The p-value is much smaller than .05, thus we reject the null hypothesis. It is extremely unlikely that the difference between the number of call-backs is due to chance. Doing this with the frequentist approach we obtain:

In [83]:
# Sample means and standard deviations
w_mean = w.call.mean()
b_mean = b.call.mean()
w_std = w.call.std()
b_std = b.call.std()
n = len(w.call)
# 
diff_mean = w_mean - b_mean
diff_std = np.sqrt((w_std**2)/n + (b_std**2)/n)
t = diff_mean/diff_std
p = stats.t.sf(np.abs(t), n-1)
conf_interval = [-t*diff_std, t*diff_std]
print('p-value is: '+ str(p))
print('95% confidence interval for the difference of means is: '+ str(conf_interval))

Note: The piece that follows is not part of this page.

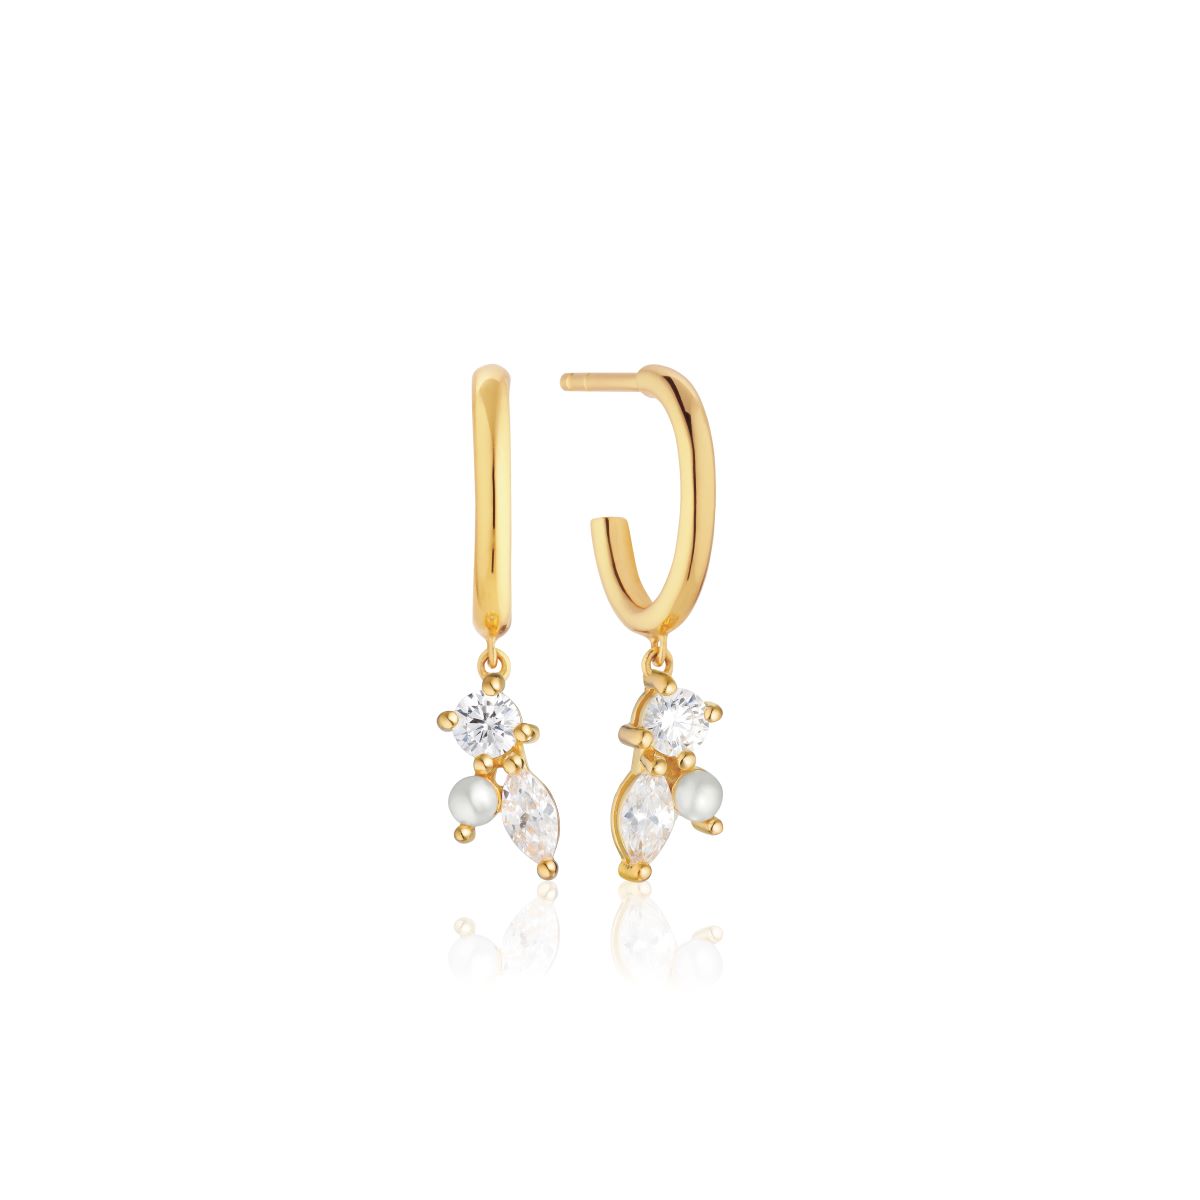 Sif Jakobs Adria Tre Creolo Earrings - Gold with Pearl and White Zirconia

p-value is: 2.00252681786e-05
95% confidence interval for the difference of means is: [-0.032032854855060577, 0.032032854855060577]


again we reject the null hypothesis.

<div class="span5 alert alert-success">
<p> Your answers to Q4 and Q5 here </p>
</div>

# Q4

Racial bias is an issue which occurs in many societies and under many different circumstances. The purpose of this study was to examine whether there is a racial bias at play when obtaining a job. Specifically, do employers have a preference for white or black sounding names? To investigate this, the difference between the mean number of call-backs for both white and black sounding was compared. The results indicate that we are 95% confident there is a difference between the number of call-backs for white and black sounding names. Further investigative work can be done to determine which of these choices gives a more positive result in number of call-backs.  

# Q5

The results above do not indicate the significance of race as compared to other variables. The only statement we can make about our results is that there is a difference between white and black sounding names in terms of number of call backs. However, we have not accounted for other variables and a proper multivariate analysis should be done to determine the causes for the difference, and other variables which could cause a difference.

Given the dataset we have, we could run analysis on the other variables. This would give us a better picture of what variables play the largest role in determining whether an individual gets a call-back or not.